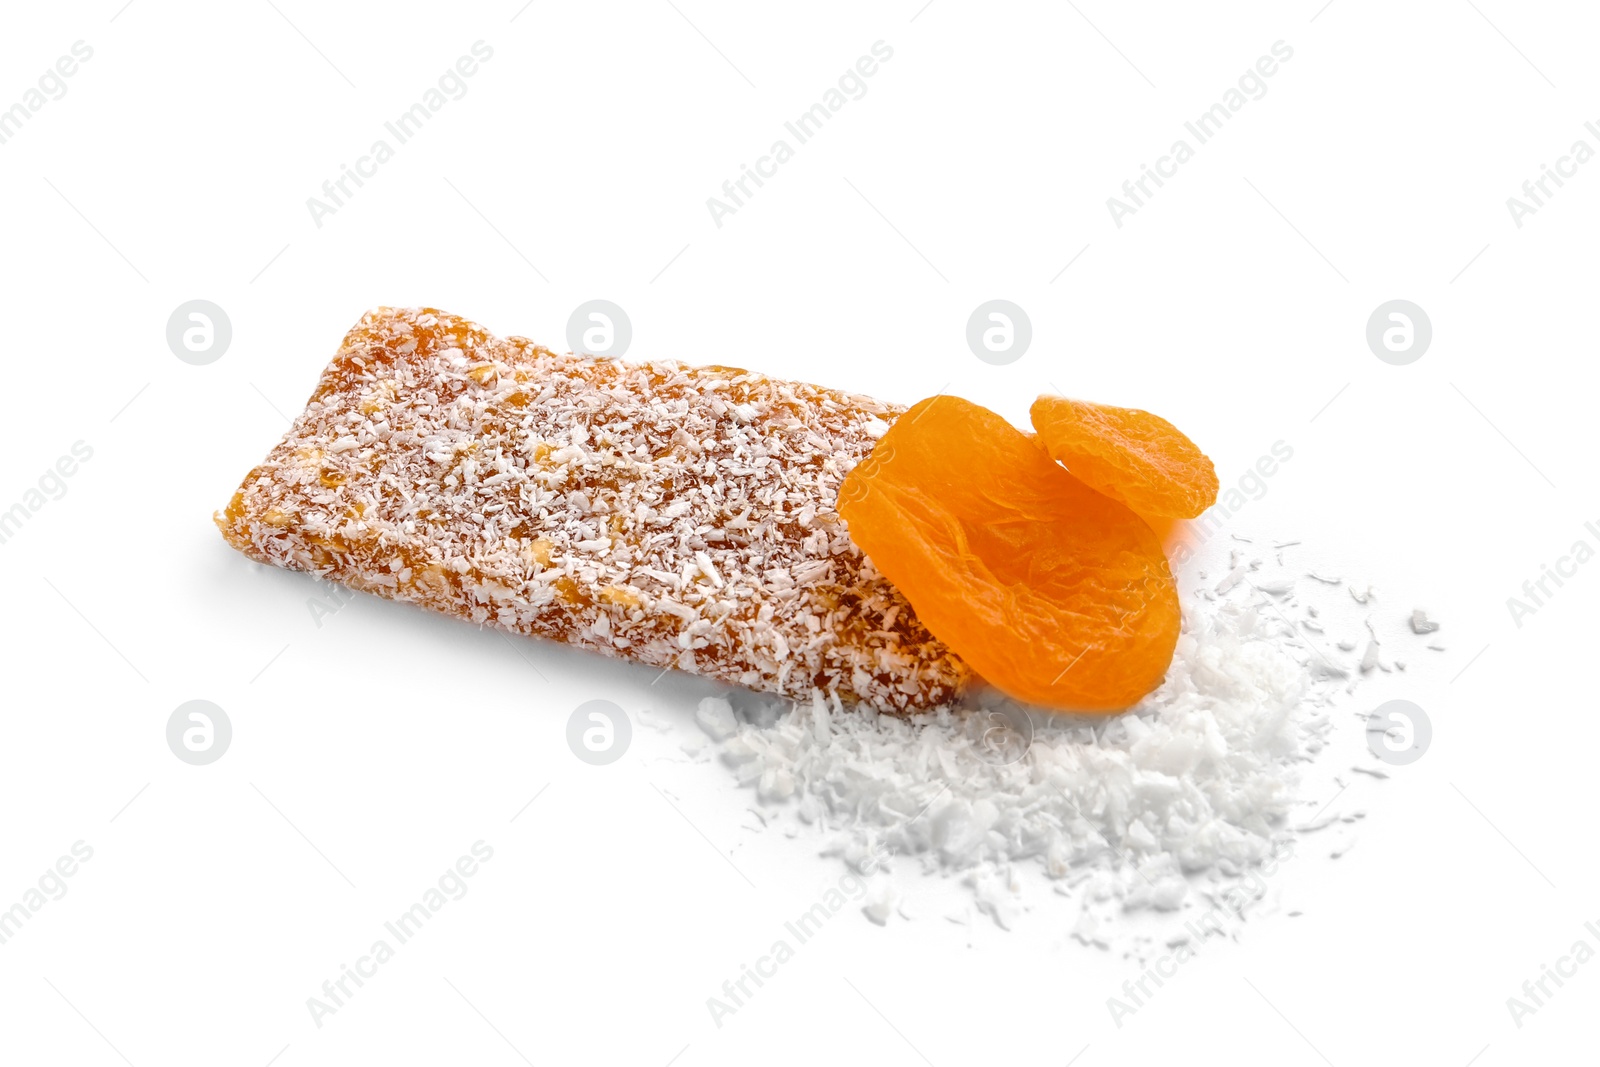 Photo of Grain cereal bar with desiccated coconut and dried apricots on white background
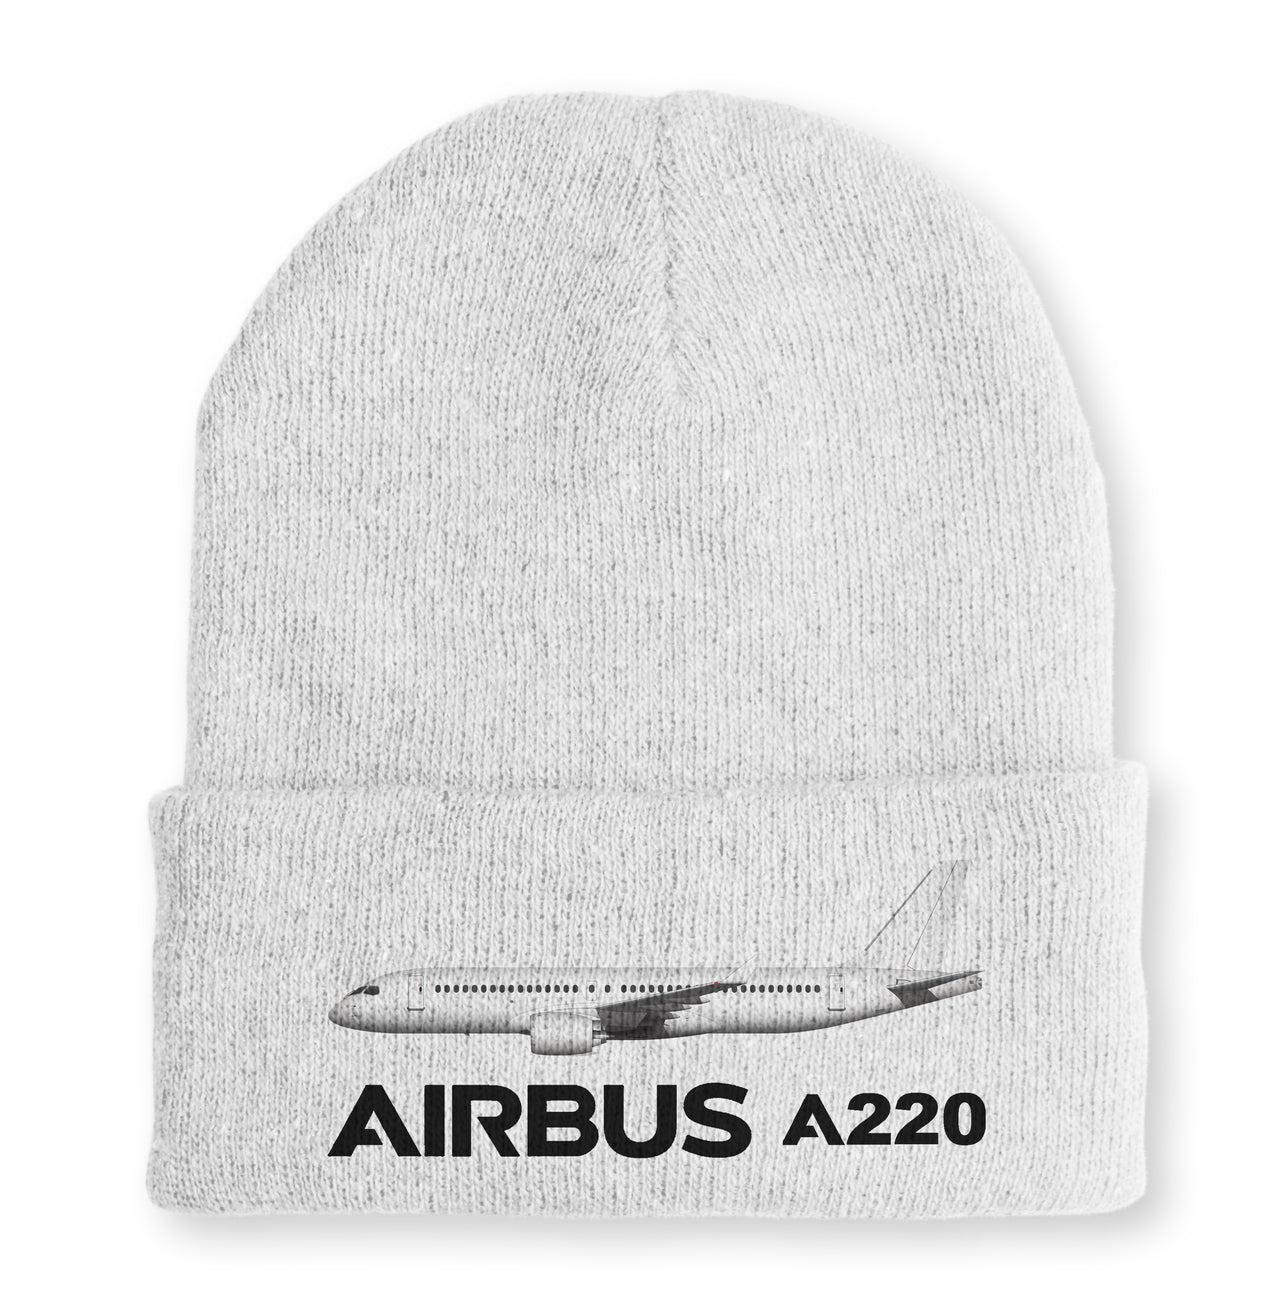 The Airbus A220 Embroidered Beanies
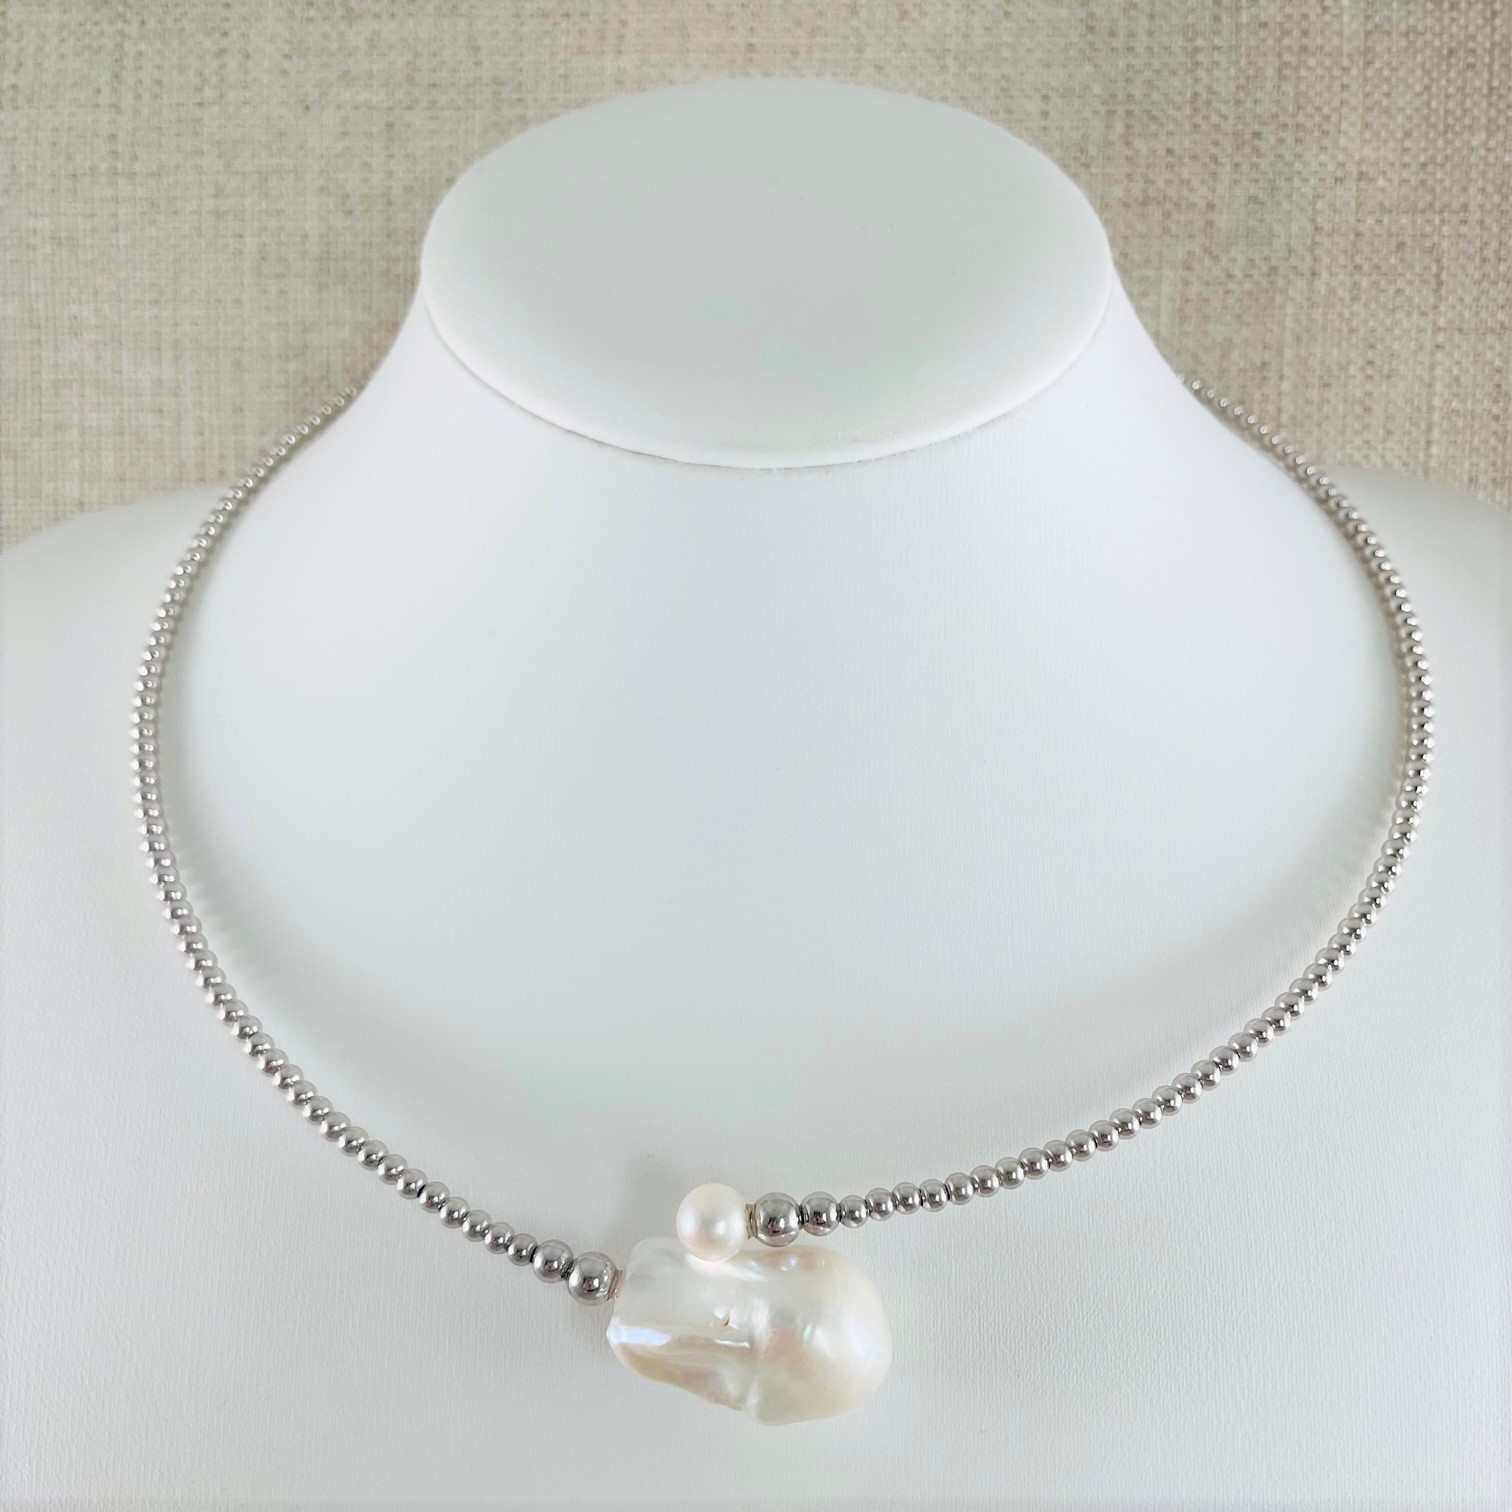 Doubled Rope Necklace of Natural White Baroque Pearls SKU N003

——

To do:
When you reproduce the data shown above, keep each line exact and omit every picture.

The answer:
 Photo of Grain cereal bar with desiccated coconut and dried apricots on white background
 The Airbus A220 Embroidered Beanies
 Doubled Rope Necklace of Natural White Baroque Pearls SKU N003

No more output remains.